As i mentioned, you can get close with the json parser and an input (file?).:

telegraf config example:

  name_override="example1"
  data_format = "json"
  json_query = "pasxml.volumes.volume"
  json_name_key = "system_name"
  tag_keys = [
    "id",
    "name",
    "state"
  ]

  json_string_fields = [
    "spaceUsedGB",
    "spaceAvailableGB",
    "hardQuotaGB",
    "softQuotaGB"
  ]

output:

example1,id=1,name=/,state=Online hardQuotaGB="0.52",spaceUsedGB="0",spaceAvailableGB="695667.94",softQuotaGB="0.52" 1544661151000000000
example1,id=8,name=/datacentre/archvol/pan101,state=Online hardQuotaGB="117000.00",softQuotaGB="90000.00",spaceUsedGB="117000.01",spaceAvailableGB="695667.94" 1544661151000000000

input:

{
	"pasxml": {
		"version": "6.0.0",
		"system": {
			"name": "example1",
			"IPV4": "0.0.0.0",
			"alertLevel": "critical",
			"state": "online"
		},
		"time": "2018-12-11T09:40:02Z",
		"volumes": {
			"volume": [{
					"id": "1",
					"name": "/",
					"bladesetName": {
						"id": "1",
						"#text": "Set-1"
					},
					"state": "Online",
					"raid": "Object RAID6+",
					"director": "Shelf-001,1",
					"volservice": "0x0400000000000004(FM)",
					"objectId": "I-xD0200000000000004-xG7ee84b0c-xU00004a75726a656e",
					"recoveryPriority": "1",
					"efsaMode": "retry",
					"spaceUsedGB": "0",
					"spaceAvailableGB": "695667.94",
					"hardQuotaGB": "0.52",
					"softQuotaGB": "0.52",
					"userQuotaPolicy": {
						"inherit": "0",
						"#text": "disabled"
					},
					"stats": null
				},
				{
					"id": "8",
					"name": "/datacentre/archvol/pan101",
					"bladesetName": {
						"id": "1",
						"#text": "Set-1"
					},
					"alertLevel": "critical",
					"state": "Online",
					"raid": "Object RAID6+",
					"director": "Shelf-008,1",
					"volservice": "0x04000000000000ec(FM)",
					"objectId": "I-xD02000000000000ec-xG5c7aef6f-xU00004a75726a656e",
					"recoveryPriority": "50",
					"efsaMode": "retry",
					"spaceUsedGB": "117000.01",
					"spaceAvailableGB": "695667.94",
					"hardQuotaGB": "117000.00",
					"softQuotaGB": "90000.00",
					"userQuotaPolicy": {
						"inherit": "1",
						"#text": "disabled"
					},
					"stats": null
				}
			]
		}
	}
}


#5

Thanks, that’s a great help!

With regard to the timestamp uniqueness. Would a reasonable solution be to add a timestamp + 1ns to each pasxml.volumes section to make each entry unique? Would that have any consequences when retrieving data later on?


#6

Perhaps I’ve misunderstood your post with regard to uniqueness. If it’s the case that time series databases cannot have two matching entries, then the following documentation is a little misleading to say the least.

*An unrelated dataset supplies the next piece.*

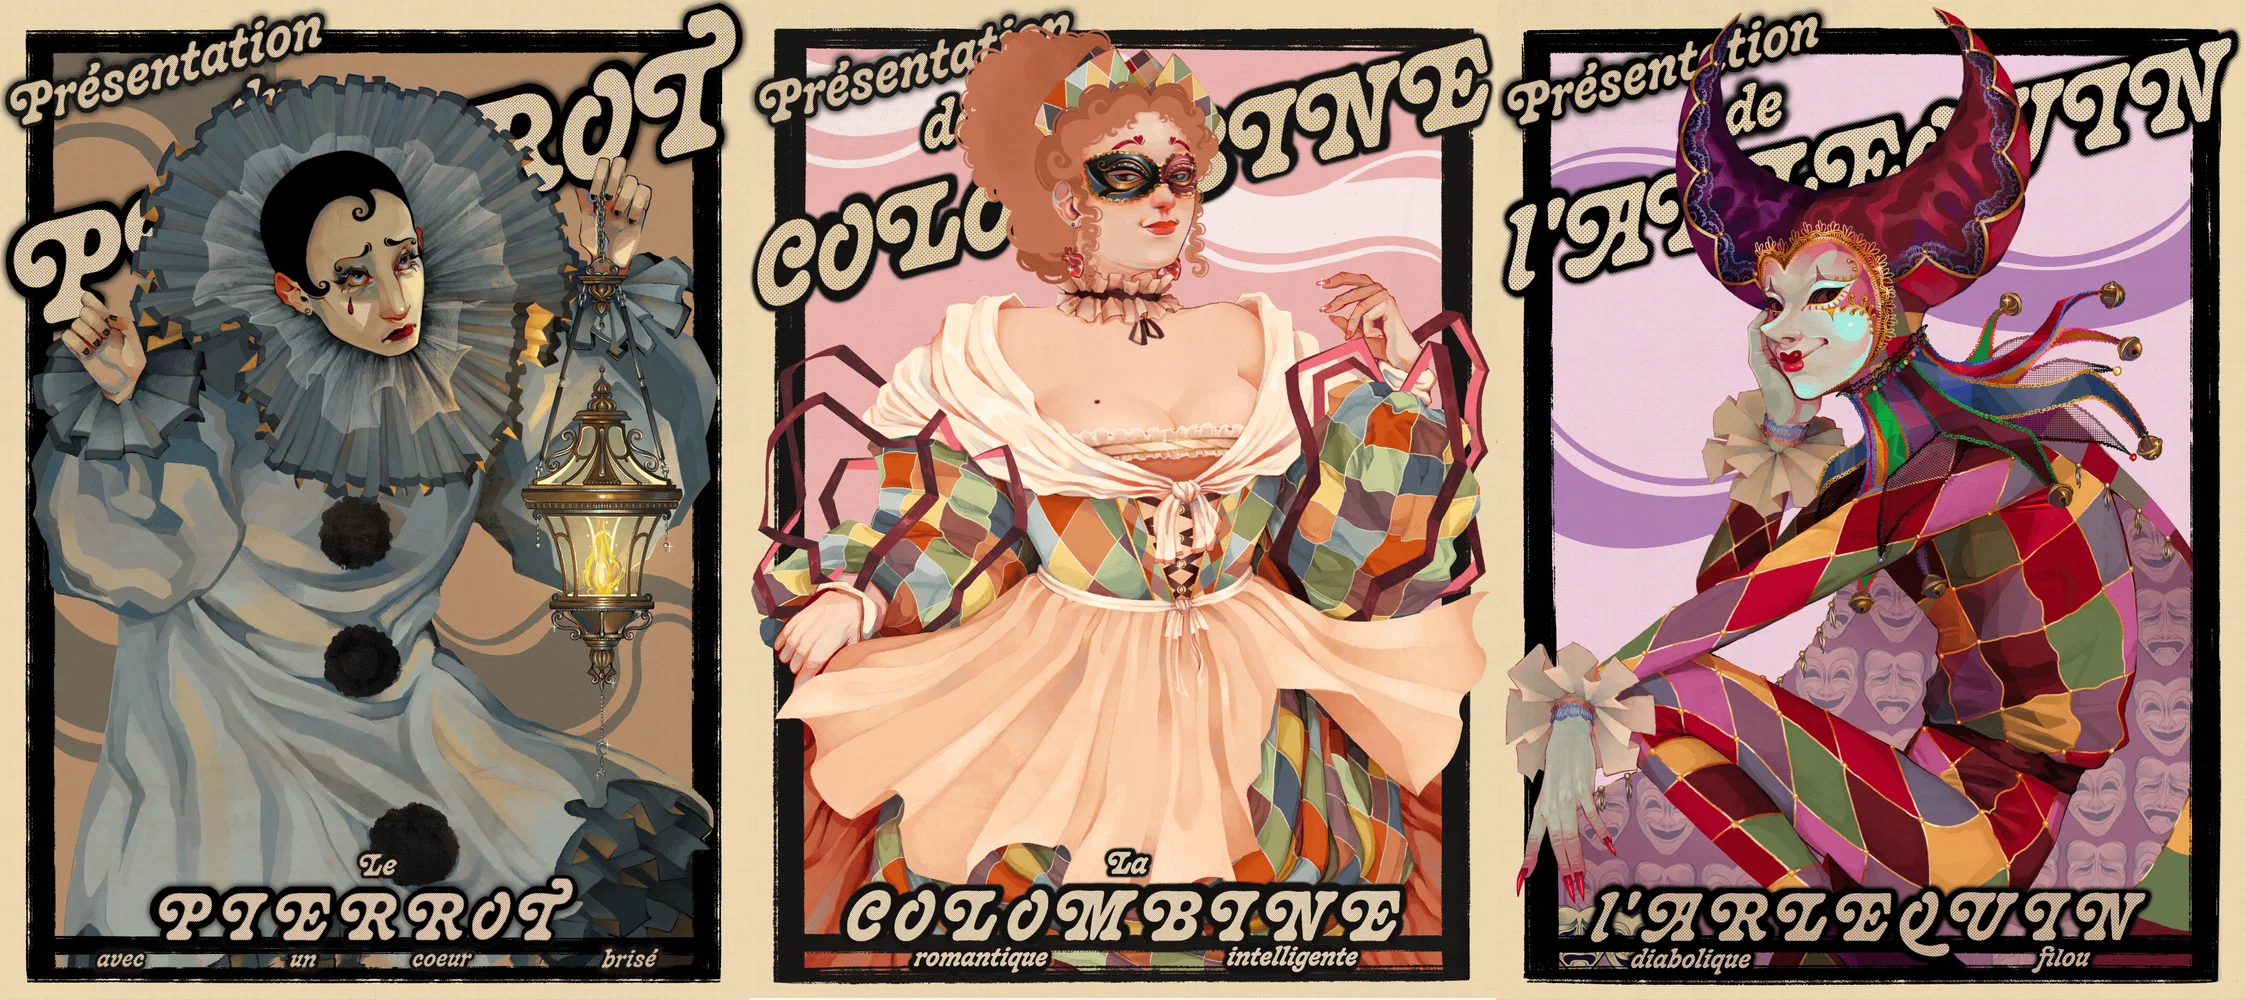 An illustration of three commedia dell'arte characters, a Pierrot, a Colombina, and a Harlequin. They are drawn in the style of a 1930s European theatrical poster, with text showing their names.

The examples on this page have exactly similar timestamps for two or more entries in the same table. I presume I don’t need to add unique timestamps for each entry in my situation?


#7

Yes, that was my bad. Apparently it’s measurement, timestamp, and tag-set unique. so, you’d be fine as your tags would be different, just as the park_id is different for the same timestamps in that doc you linked.